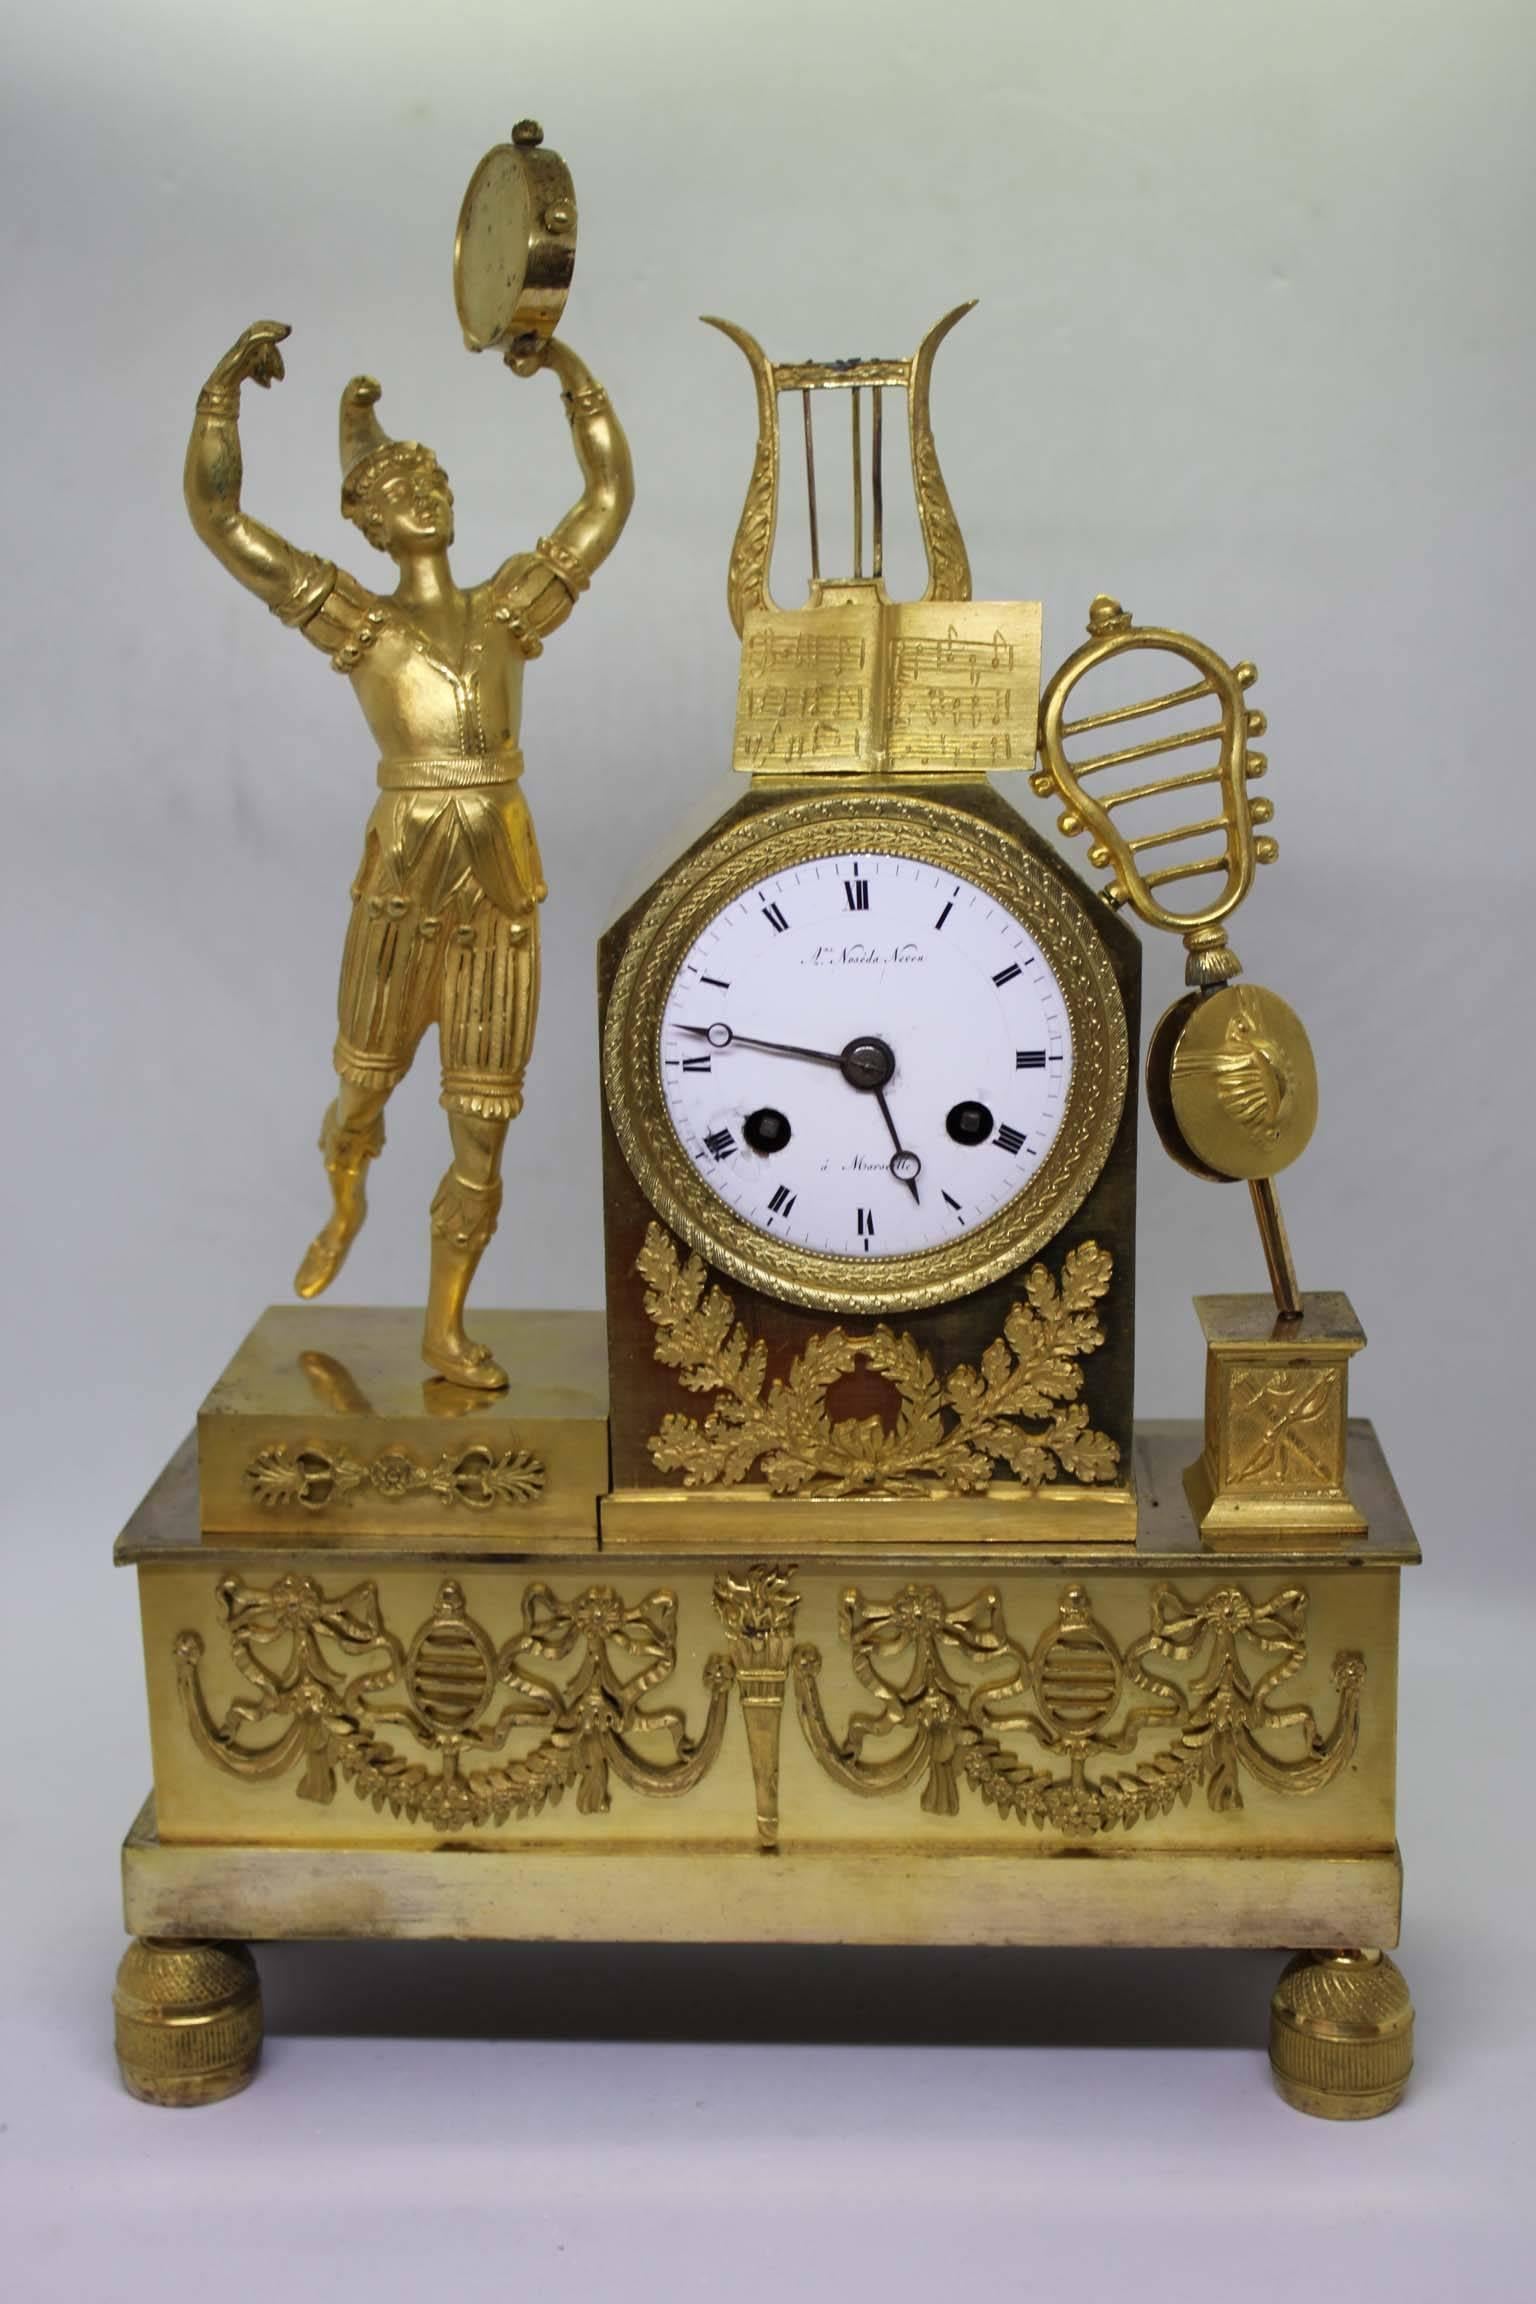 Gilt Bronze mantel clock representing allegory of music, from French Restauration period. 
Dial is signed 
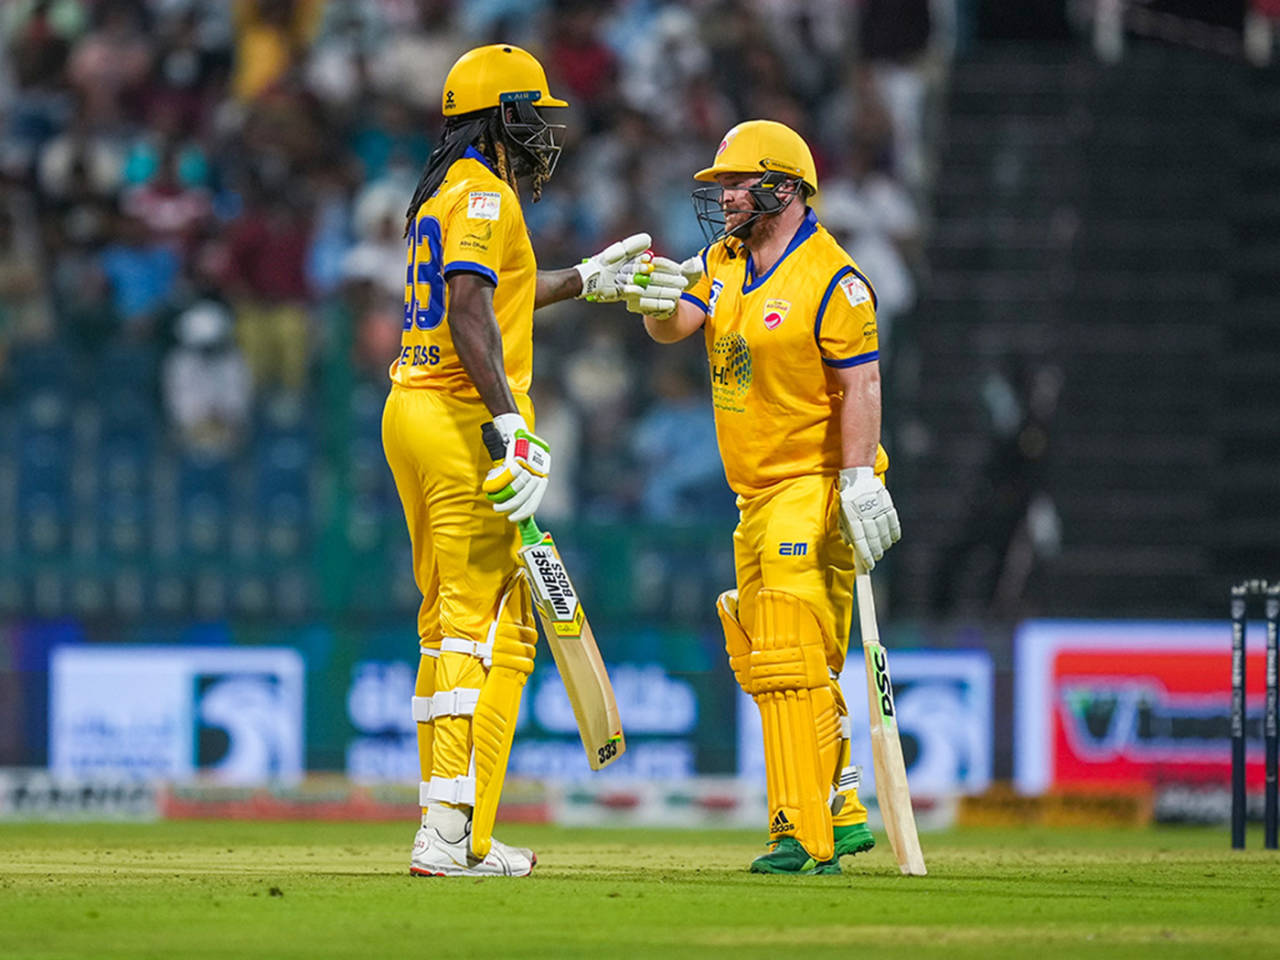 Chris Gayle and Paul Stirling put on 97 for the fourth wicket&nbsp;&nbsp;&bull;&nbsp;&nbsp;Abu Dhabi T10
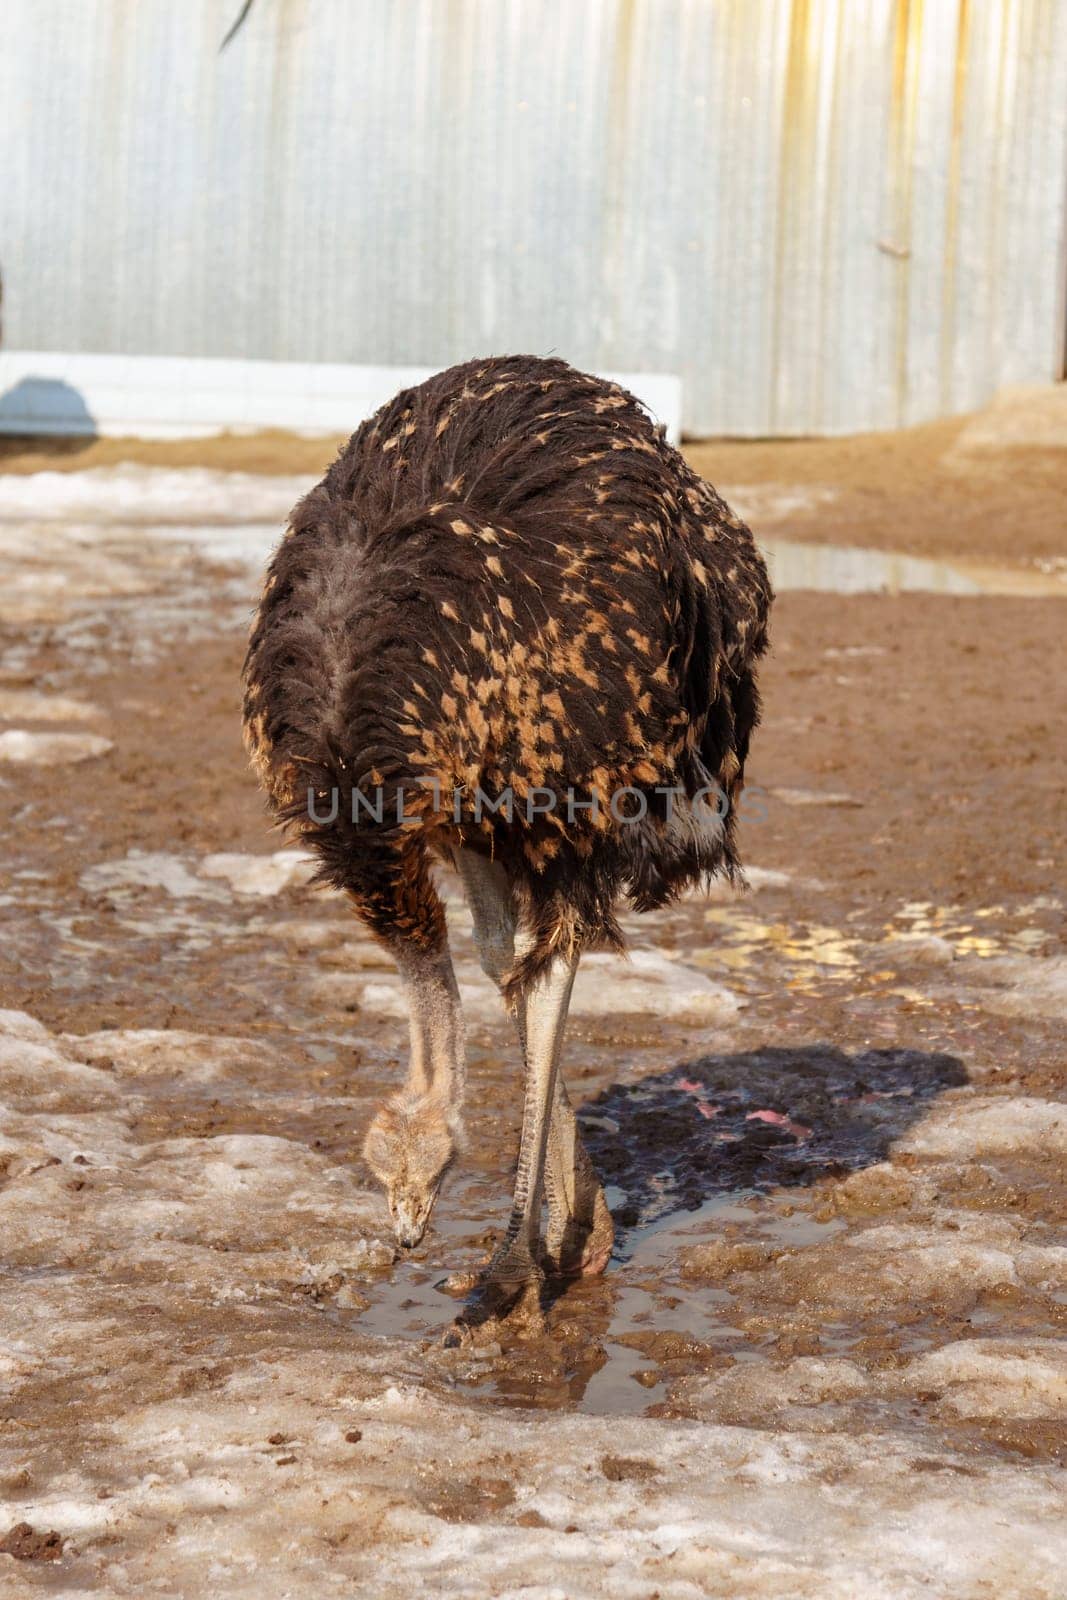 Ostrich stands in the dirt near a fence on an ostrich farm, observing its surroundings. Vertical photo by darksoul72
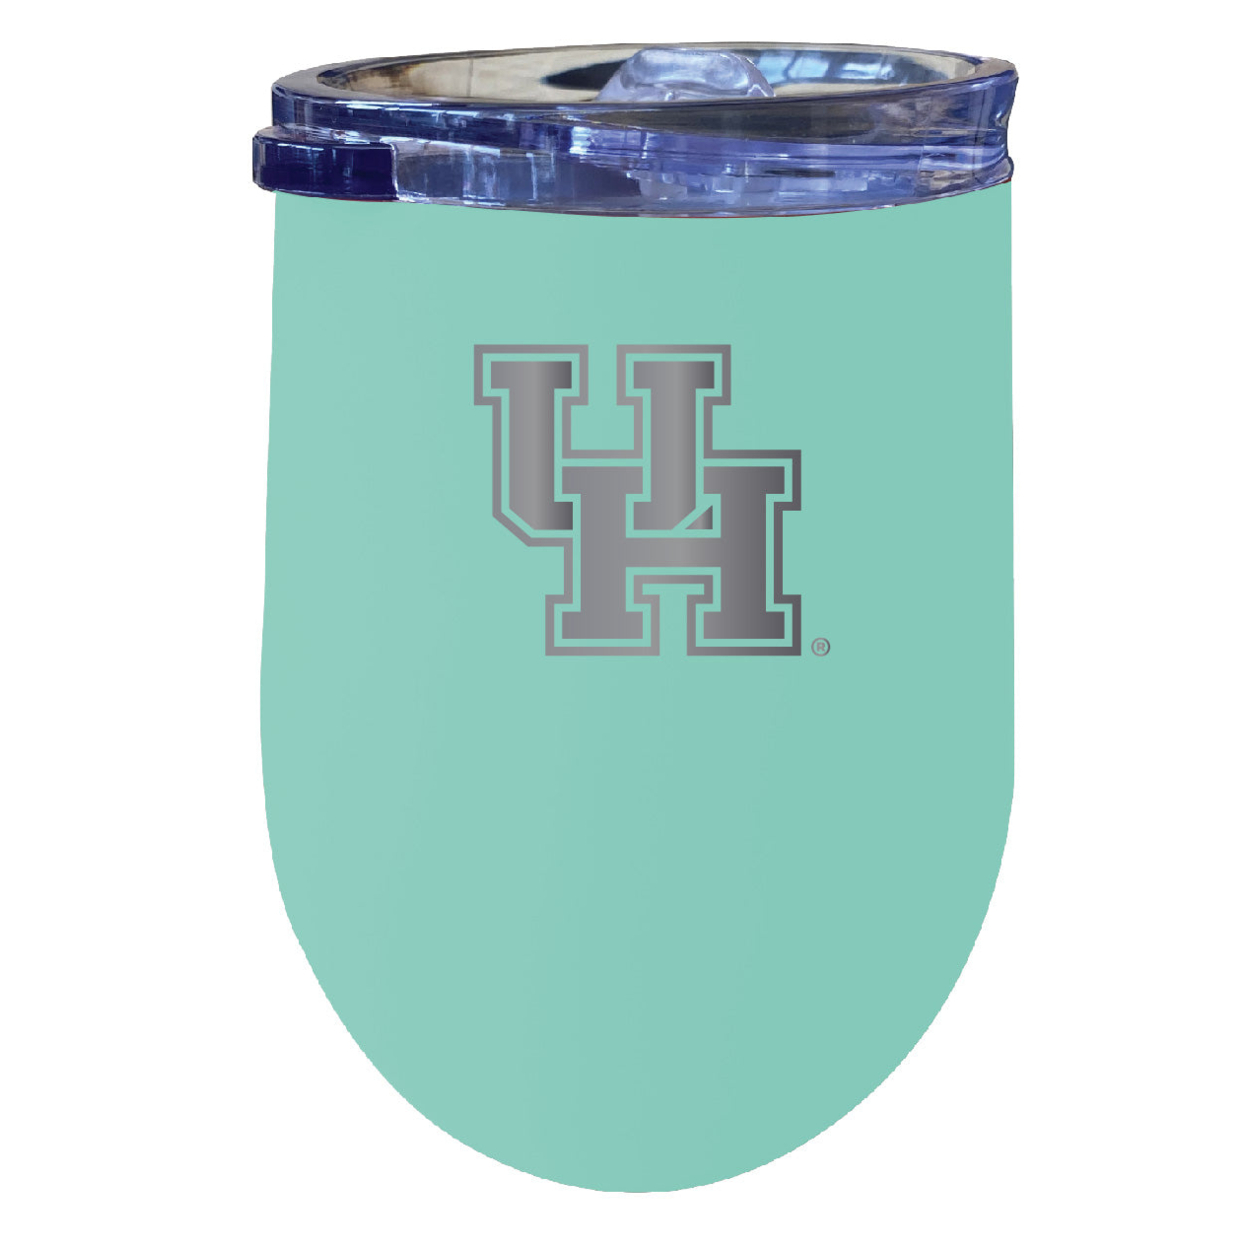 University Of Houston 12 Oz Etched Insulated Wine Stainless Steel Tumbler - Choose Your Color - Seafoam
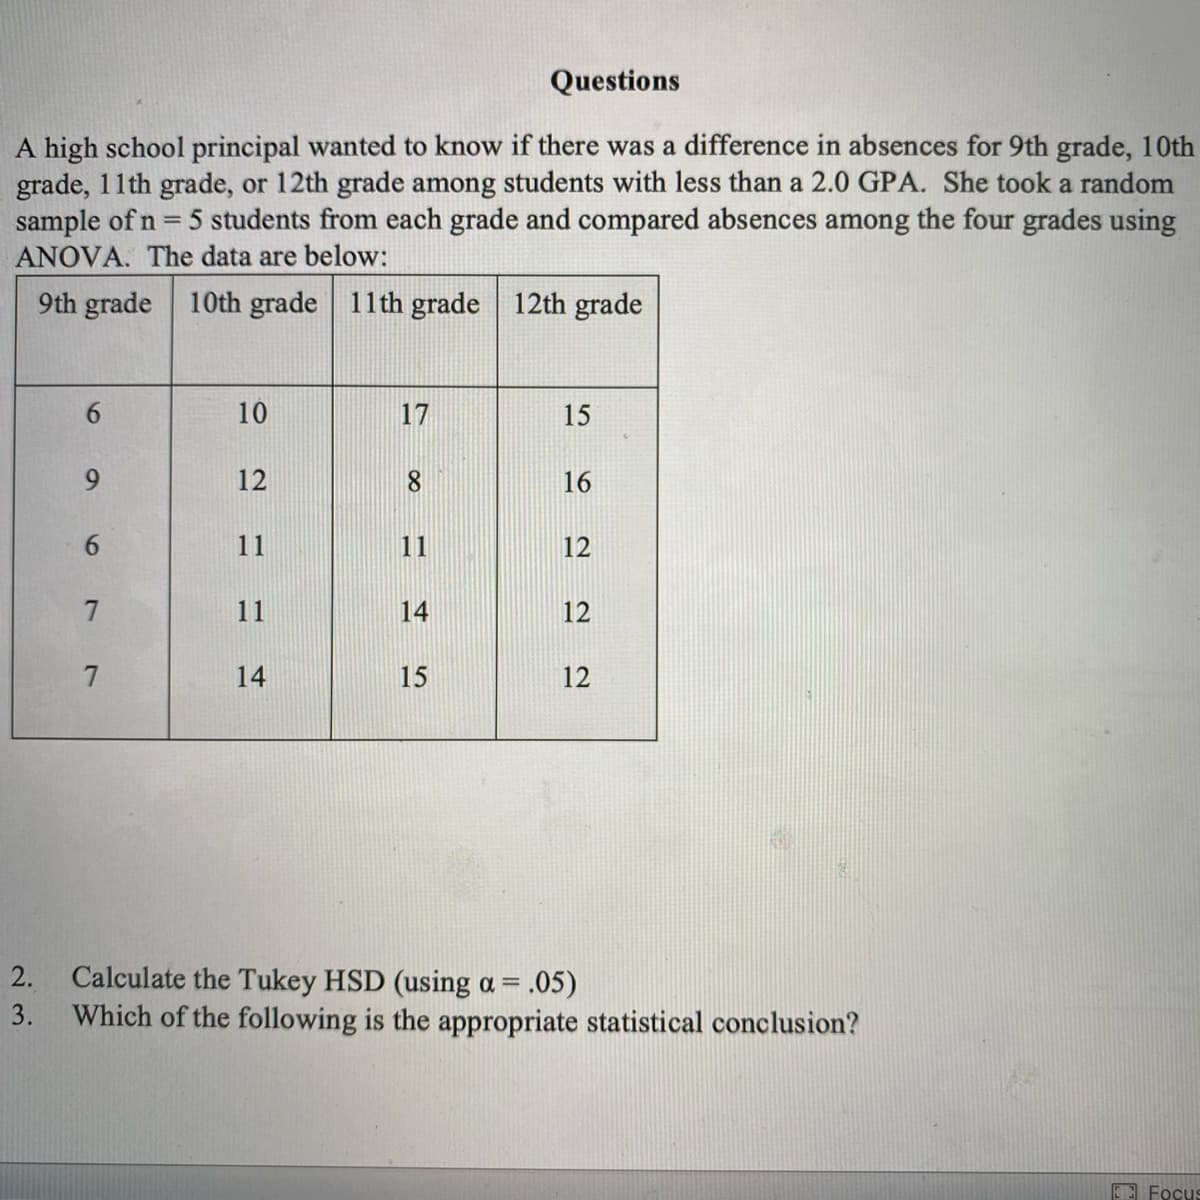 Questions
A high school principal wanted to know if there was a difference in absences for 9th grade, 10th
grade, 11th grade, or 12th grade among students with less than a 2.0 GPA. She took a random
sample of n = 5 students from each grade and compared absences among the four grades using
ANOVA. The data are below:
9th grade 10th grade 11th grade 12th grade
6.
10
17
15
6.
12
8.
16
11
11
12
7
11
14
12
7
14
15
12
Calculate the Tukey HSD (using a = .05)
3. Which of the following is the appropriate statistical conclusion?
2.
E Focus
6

### Your assignment
Read through the entries above, and wherever a line holds the string "grade", copy it.

### Response area
A high school principal wanted to know if there was a difference in absences for 9th grade, 10th
grade, 11th grade, or 12th grade among students with less than a 2.0 GPA. She took a random
sample of n = 5 students from each grade and compared absences among the four grades using
9th grade 10th grade 11th grade 12th grade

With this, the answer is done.